Intervista a Grazia Calanna, a cura di Claudia Zironi.

   

   

Benvenuta Grazia. Innanzi tutto potresti dire qualche parola su di te per i nostri lettori? Chi è e cosa fa Grazia Calanna nella vita.

Sin da bambina, amo osservare, ascoltare, comprendere, raccontare… La passione per la scrittura mi accompagna da sempre e con essa il desiderio di dare voce a quanti necessitano di attenzione. È forse per questo che ho scelto, avevo 17 anni, di praticare l’attività giornalistica. Inizialmente la mia passione era orientata in direzione dell’inchiesta, la più alta espressione della professione giornalistica.

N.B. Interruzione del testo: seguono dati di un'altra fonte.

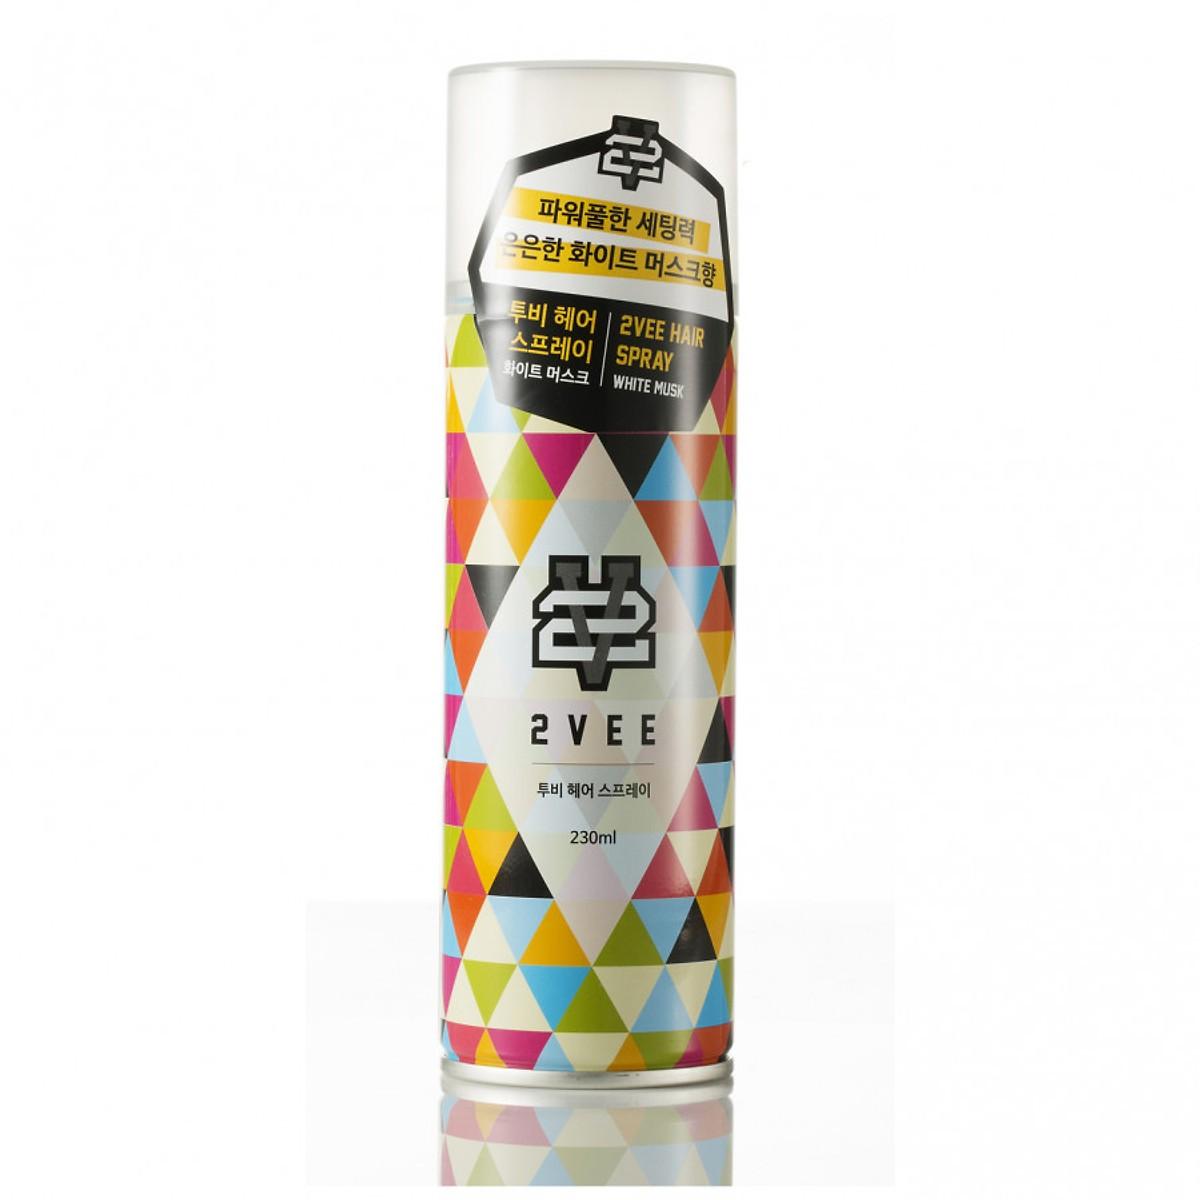 Gôm xịt tóc tạo kiểu giá rẻ 2VEE Spray 230ml

Il termine mutuato dal lessico giudiziario rivela, appunto, l’intenzione di andare oltre le fonti ordinarie, introducendo l’idea che il lavoro del giornalista possa essere affine o parallelo a quello del magistrato. Organizzata in una serie di pezzi, anche a più mani, ha (dovrebbe avere) il carattere di una ricerca o di un’indagine che mira a scoprire verità nascoste. Dunque, è un simbolo di ciò che si considera l’ideale della professione: cercare la verità, attraverso grazia calannala ricostruzione e l’interpretazione. Lo spirito di un paese si riflette nella stampa che genera. I giornali, quasi come fossero uno specchio, rivelano conflitti di potere, tensioni sociali, cultura e  tradizioni di una nazione.  Il giornalista interpreta, divenendo egli stesso attore del mondo che racconta. Più di uno studioso della comunicazione ha sostenuto che la stampa mette in rapporto i centri vitali della società e che, attraverso l’informazione, favorisce la nascita e la crescita della coscienza nazionale. Se la sua forza aiuta la democrazia, la sua debolezza segnala il cattivo stato di salute delle istituzioni e dell’intero corpo sociale. Non a caso, in qualsiasi cambiamento di regime diventa strategico il controllo dei mezzi di informazione. Come hanno presto sottolineato i massmediologi, il pubblico, oggi, viene sommerso, in poche ore, da una quantità di notizie pari a quelle che fino a qualche lustro fa, riceveva in un anno; non è difficile capire che il potere non può (e non intende) rinunciare all’uso dei media. Col tempo, per ragioni facilmente intuibili, ho scelto di orientare i miei scritti verso altre passioni compendiando (e con soddisfazione, devo dire) tipologie testuali quali la recensione (artistica e letteraria) e l’intervista (a poeti e scrittori contemporanei).

   

l’EstroVerso: cos’è e come nasce questo progetto?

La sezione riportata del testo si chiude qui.